PKAN is caused by a mutation in the PANK2 gene, which encodes a critical protein that phosphorylates vitamin B5 (pantothenate) to phosphopantothenate. The disruption of this metabolic pathway ultimately leads to decreased levels of coenzyme A (CoA), which plays an important role in many cellular functions.
Pantothenate kinase-associated neurodegeneration, or PKAN, is a rare, genetic, and life-threatening neurological disorder characterized by a host of progressively debilitating symptoms that typically begin in early childhood. People suffering from PKAN may experience movement disorders such as dystonia (sustained muscle contraction leading to abnormal posture), rigidity, dysphagia (problems swallowing), twisting and writhing, and tremors, as well as visual impairment. There are no approved treatment options for PKAN and current therapeutic strategies are limited to palliative care. PKAN is estimated to affect up to 5,000 people worldwide.
RE-024 is a novel small molecule in Phase 1 clinical development that has the potential to be the first approved replacement therapy targeting the underlying cause of PKAN. Preclinical findings suggest RE-024 has the ability to restore CoA levels and to distribute to the brain. Retrophin is preparing to conduct an efficacy trial of RE-024 in patients with PKAN that is expected to initiate this year
In 2015, the U.S. Food and Drug Administration granted Orphan Drug designation to RE-024 for the treatment of PKAN, as well as Fast Track status which is designed to facilitate the development and expedite the review of medicines to treat serious conditions with unmet medical needs in order to reach patients earlier.

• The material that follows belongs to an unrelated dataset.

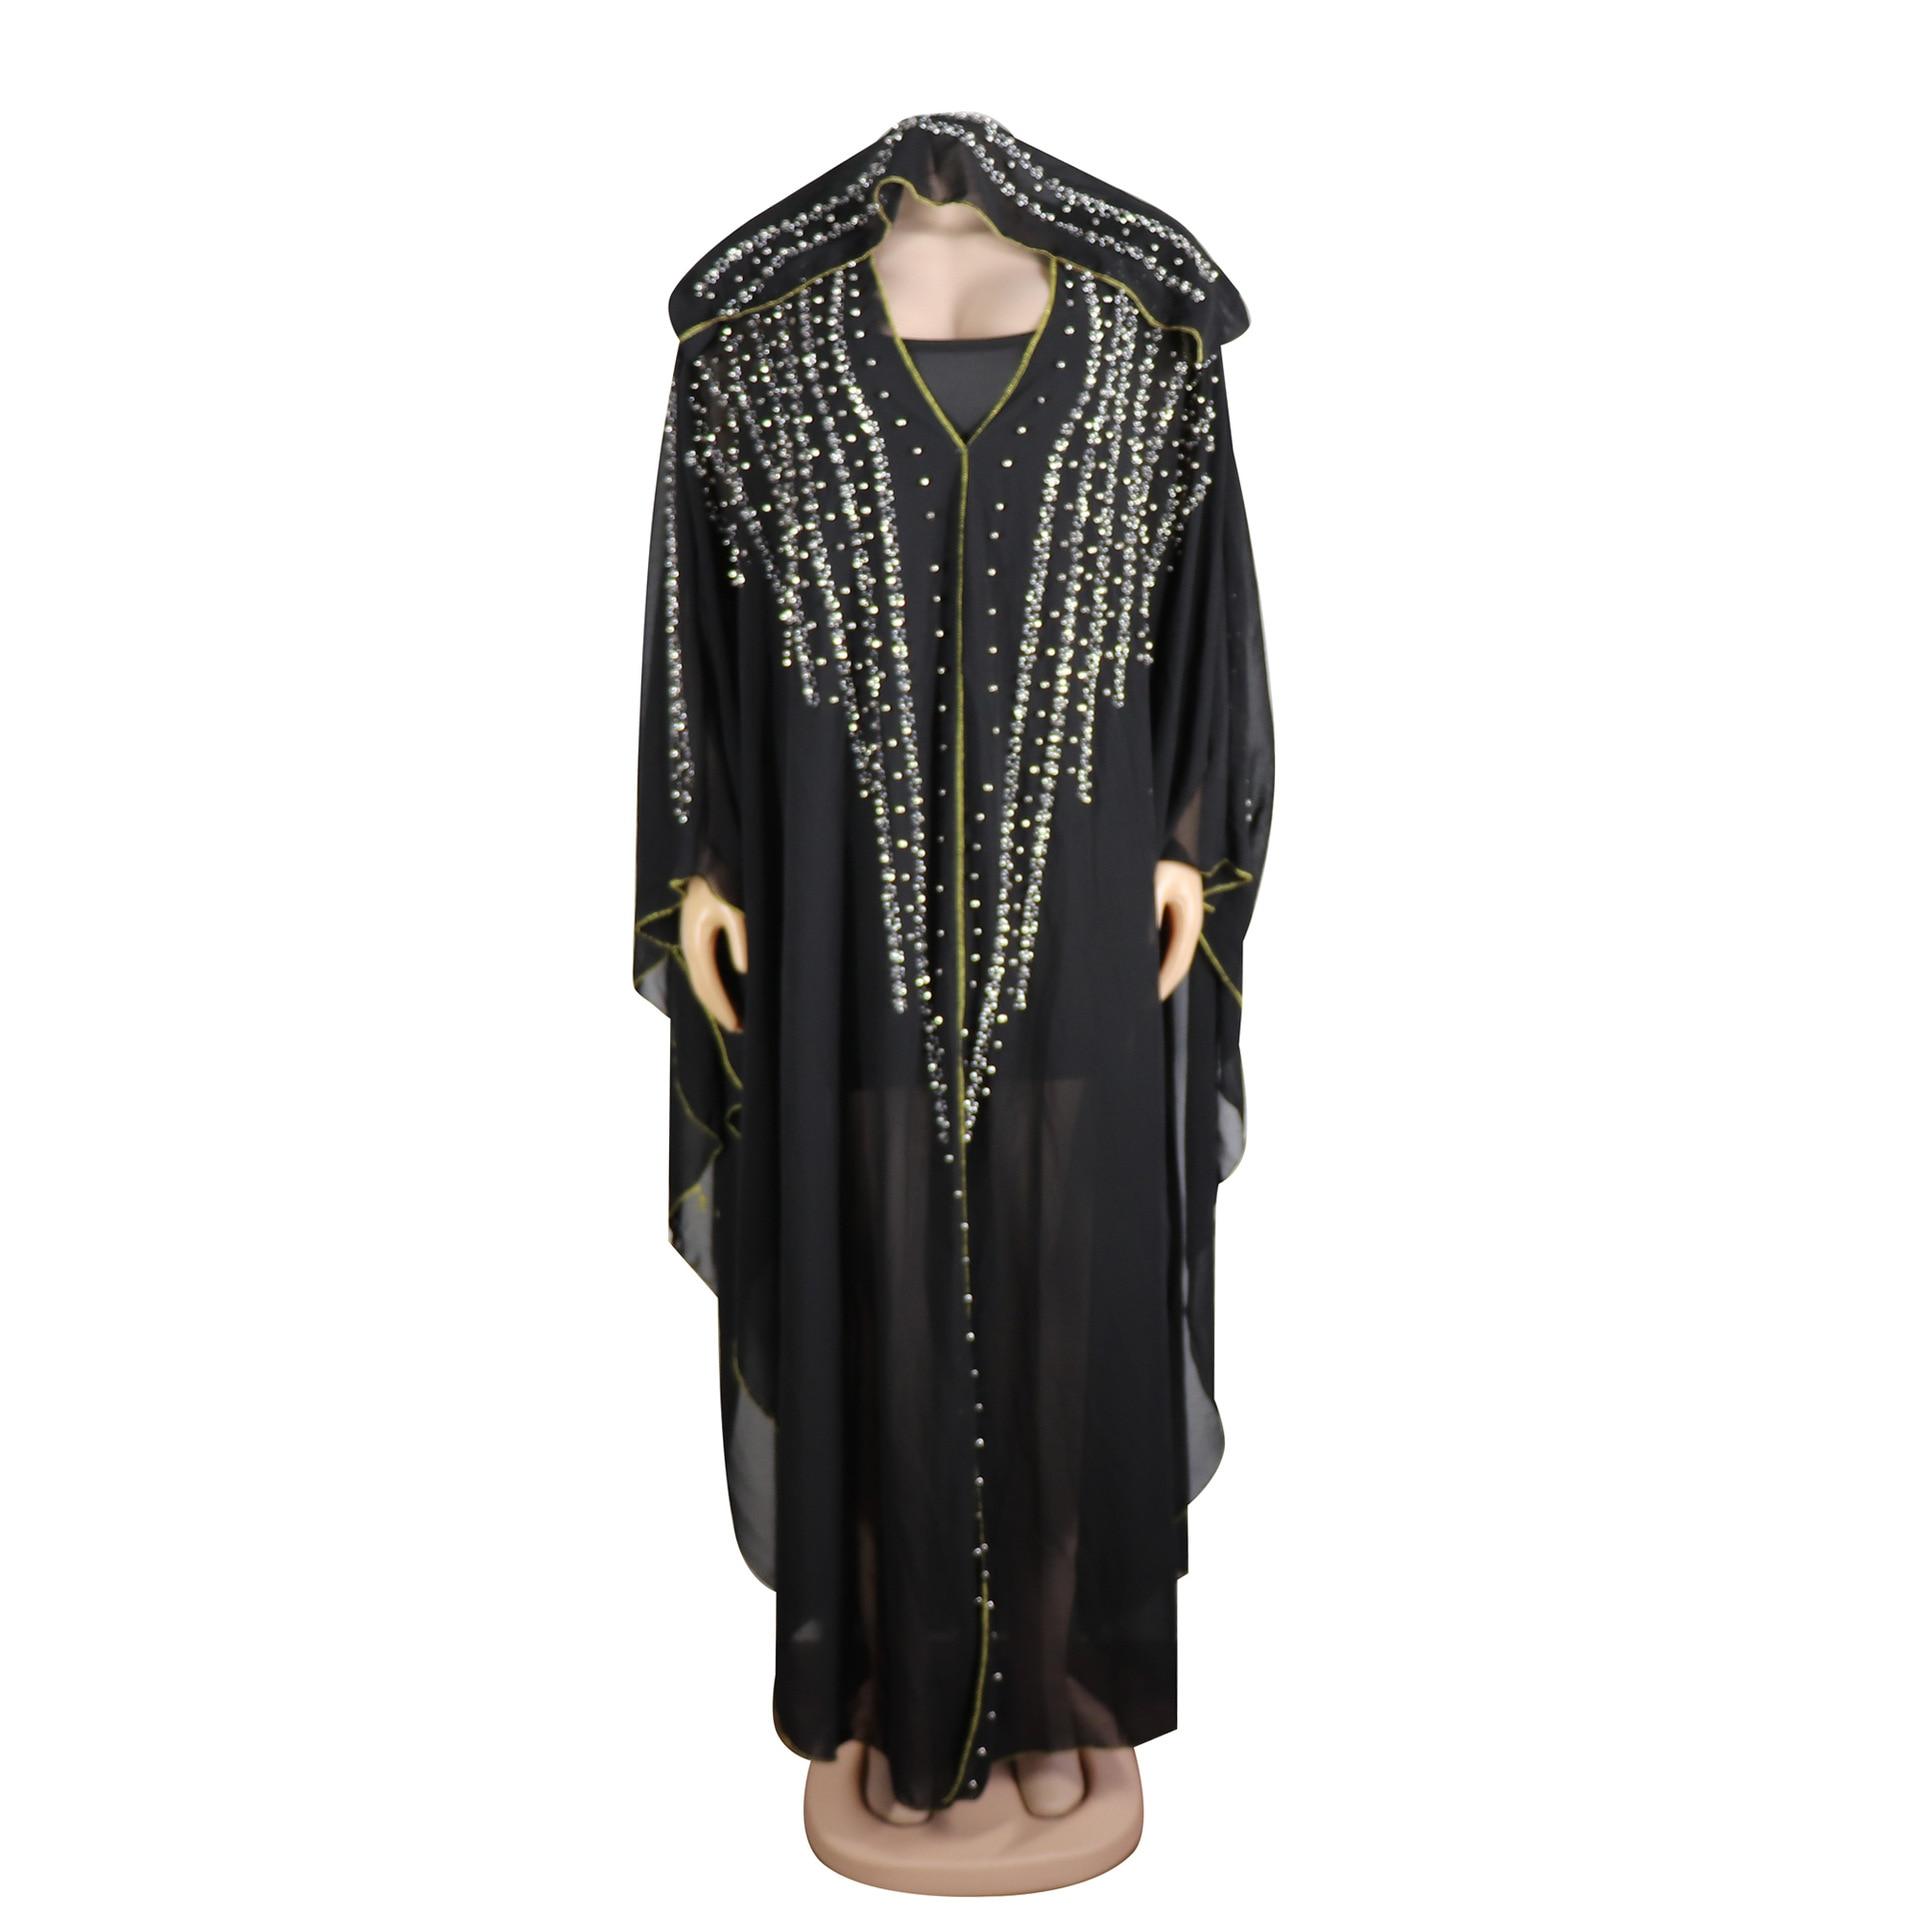 African Dresses For Women Beading Robes Long Maxi Dresses Fashion Plus Size Chiffon Dress Hooded Black Abaya Batwing Vestidos 7

In 2016, the European Commission granted Orphan Drug designation to RE-024, which is granted to a medicinal product intended to treat a life-threatening or chronically debilitating rare disease with no approved treatment option.
Retrophin is a fully integrated biopharmaceutical company dedicated to delivering life-changing therapies to people living with rare diseases who have few, if any, treatment options. The company’s approach centers on its pipeline featuring clinical-stage assets targeting rare diseases with no approved treatment options, including, sparsentan for focal segmental glomerulosclerosis (FSGS), a disorder characterized by progressive scarring of the kidney often leading to end-stage renal disease, and RE-024 for pantothenate kinase-associated neurodegeneration (PKAN), a life-threatening neurological disorder that typically begins in early childhood. Research exploring the potential of early-stage assets, including RE-034, in several rare diseases is also underway. Retrophin’s R&D efforts are supported by revenues from the company’s marketed products Chenodal, Cholbam and Thiola.